This past week, I have had my little sister round to stay for the half term. Hillary is growing up rapidly! One of the striking things about her aside from her ever extending limbs is her intelligence. She ain't no fool. She's also blossoming into a rather pretty young woman. We went for a walk at the park and we were catching up like sisters do. I asked her about How school was going, She asked me about Ethan. All normal until she let it slip that she was feeling the immense pressure from my dad's wish for one of his children to become a Doctor like himself. Because I couldn't manage it, It is up to her to do so even though She had always wanted to be a Barrister. That conversation left me on edge.For a start, I didn't want her having that placed upon her and more so I resent being viewed as a failure. It's funny how parental approval can seem so strong on one hand especially to someone like me who suffers from good girl syndrome. I'm so happy that I was able to build the life that I wanted and that I suppose is all I want for my children.
I want them to be happy with their life choices. If they choose to pursue Academia or not, whether they want fame or not. Whatever they decide all I really want is for them to be happy. Sounds so simple in principle.
Happiness.






















10 comments:
Eeek I'd hate to have my children feel that they needed to follow in my footsteps - though to be fair they wouldn't need to follow that many. Your sister and anyone should pursue what makes them happy! Great post :)
Thank you, Laura!
Oh what a shame that you both have to feel like that. I think as a proud parent who sees his children's potential it must be very difficult to stand back, but I hope I will be able to watch my kids follow their own dreams with pride :-)

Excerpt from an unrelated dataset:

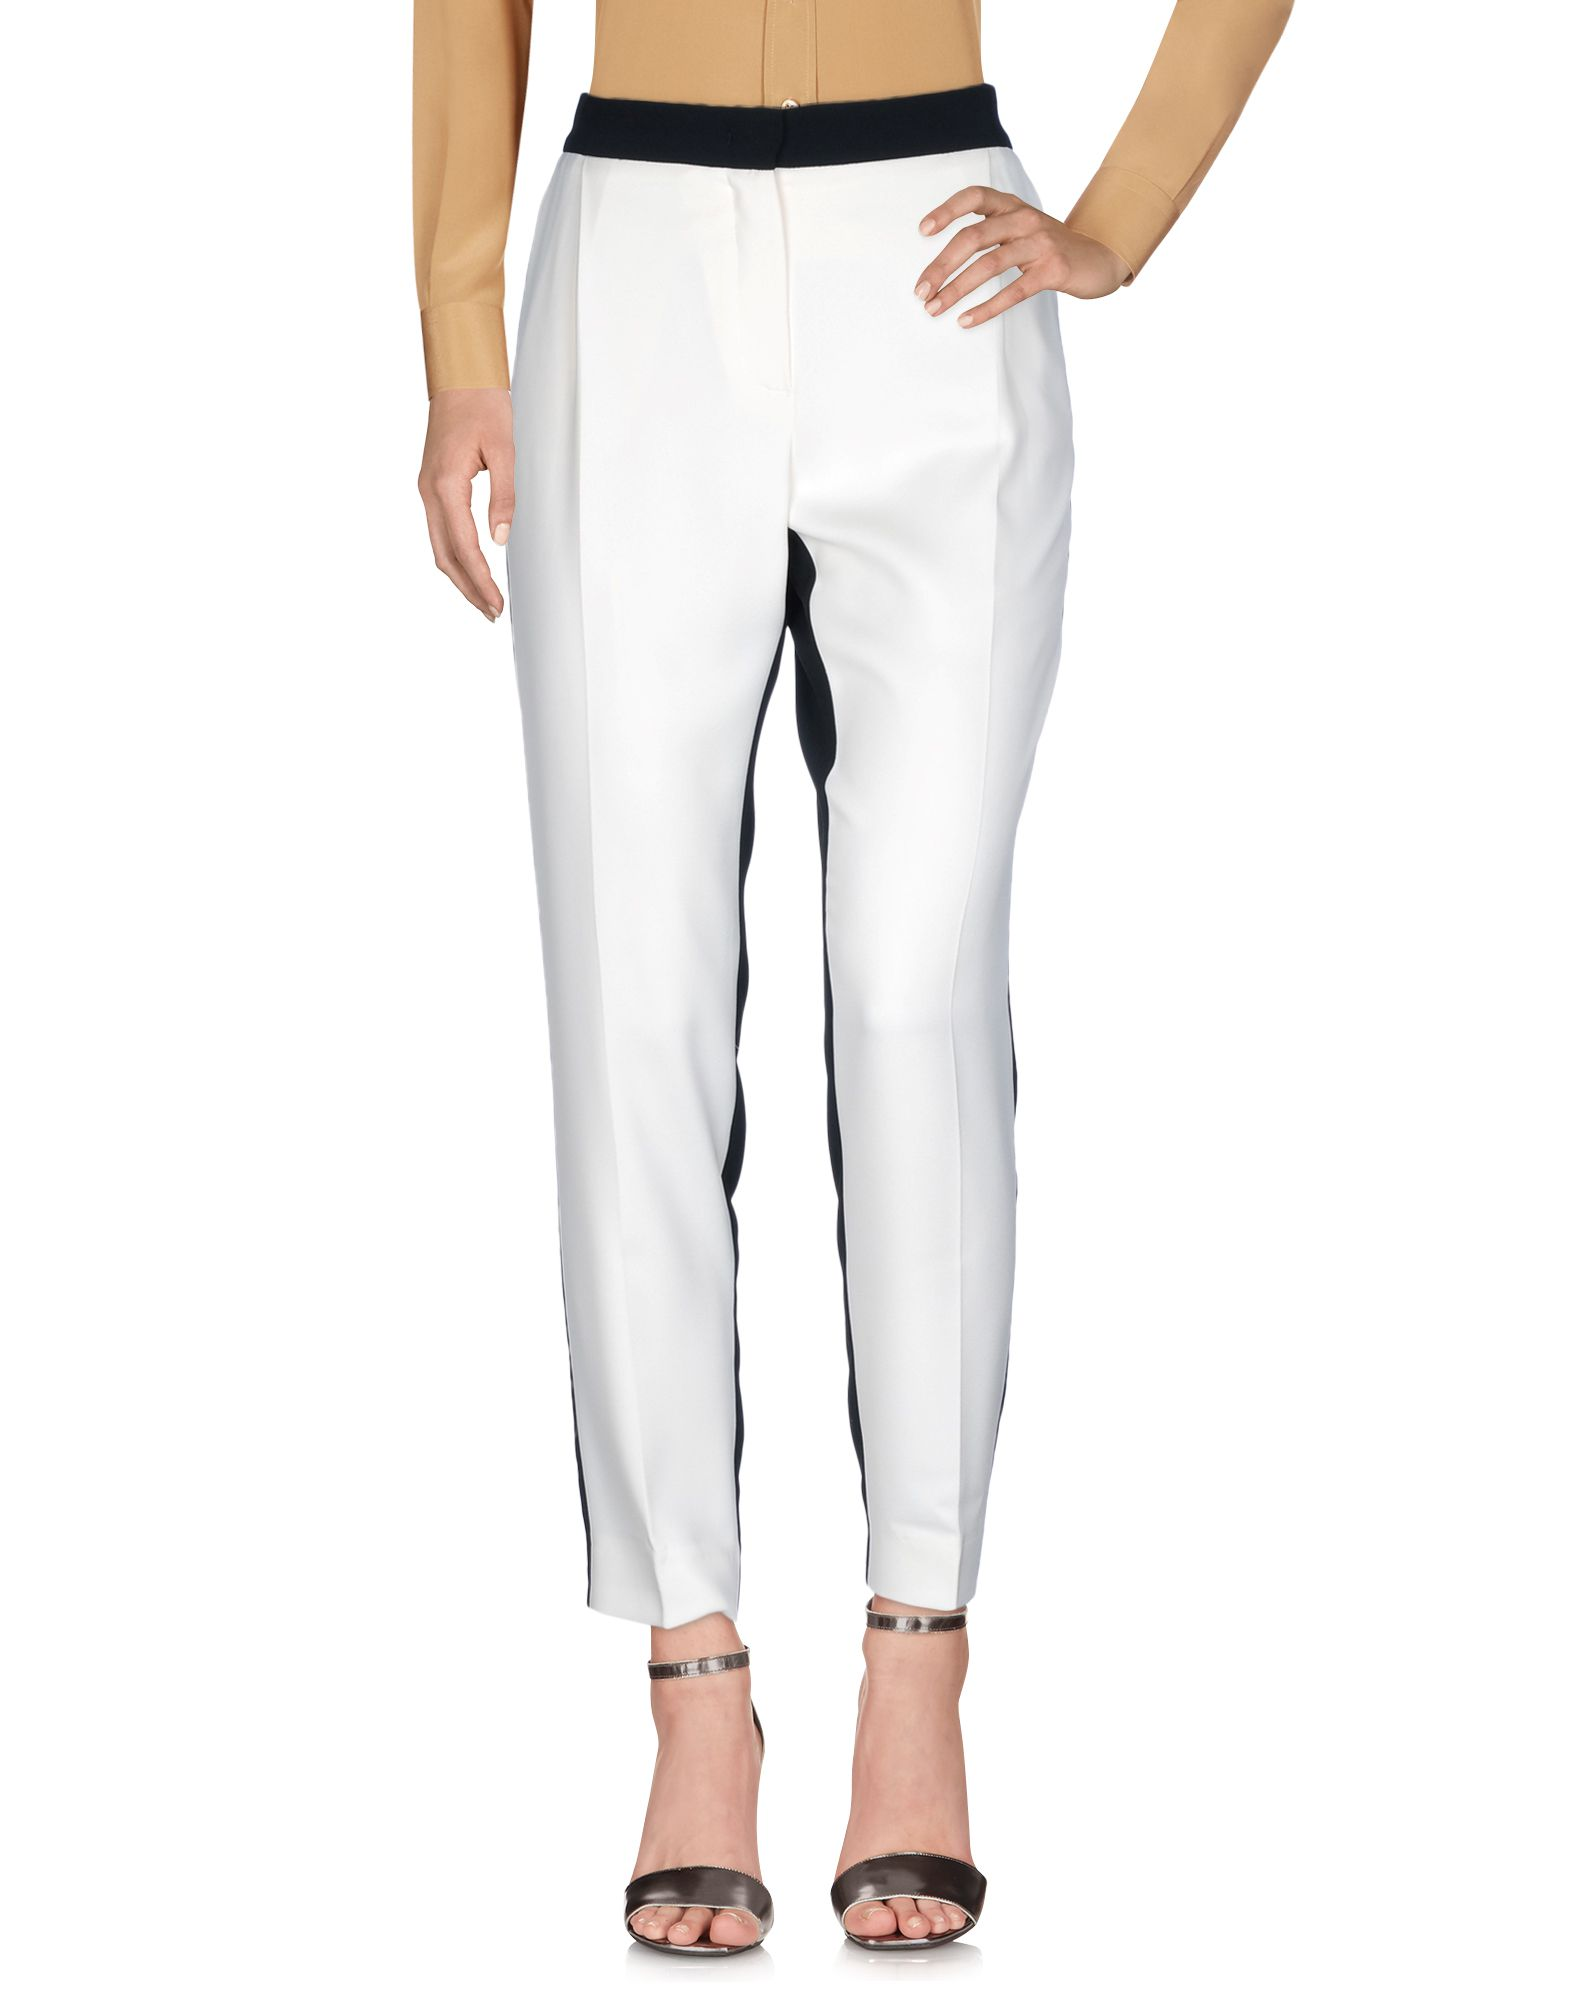 Pantalone Marella Donna - Acquista online su qqB1KNAf

I hope my children never have to feel pressured to be anything, but I also want to let them feel that anything is possible....
This is really interesting and has given me a jolt to be careful about the expectations I accidentally place on my kids. With Joel, for example, he's only 3 but he's very bright and I already suspect could do any job he wants when he grows up, but that doesn't mean I think he should if he doesn't want to. Your post has made me realise that I probably don't communicate that properly, simply because I'm proud of him, and I need to be careful not to bring him up feeling the pressure to be anything other than what he wants to be. Thanks!
Thank you all for the comments!I would want Ethan to feel he can achieve anything, I just hope I can do that without making him feel pressured. To Motivate is a different sentiment I feel. It took a lot to tell my parents that after all that- private education and a damn good degree that I felt happiest being home with E, talk about being a disappointment! But We're happy. :-)
What a shame that you felt this way. I hope my children will always know all I want is for them to be happy.
My brother once had an outburst telling our family that he is not me. We were getting ready to send of his uni application and he's waited till then to admit he didn't want to go.
He's doing well with himself and I'm proud he followed his heart and is happy.
I hope your sister is able to do the same xx
I am a great believer that you cannot (and should not) force anyone to do anything. If your sister wants to become a Barrister than she should go for it! She should follow her heart. After all, she'll be the one doing all the hard work for it! She deserves to do something that she wants!
I would love my children to become Doctors, Lawyers etc...but I'd be just as happy in whatever career they choose. As long as they are happy!
Aww, if I can instil one thing into my child or (hopefully one day) children; it would be to follow THEIR dreams. It can be so easy as parents to pressurize children without meaning too.
I still now, as a grown up, find myself seeking my parents approval. But I don't necessarily think that's a bad thing. But I know that ultimately they would support me and be proud of me whatever I did.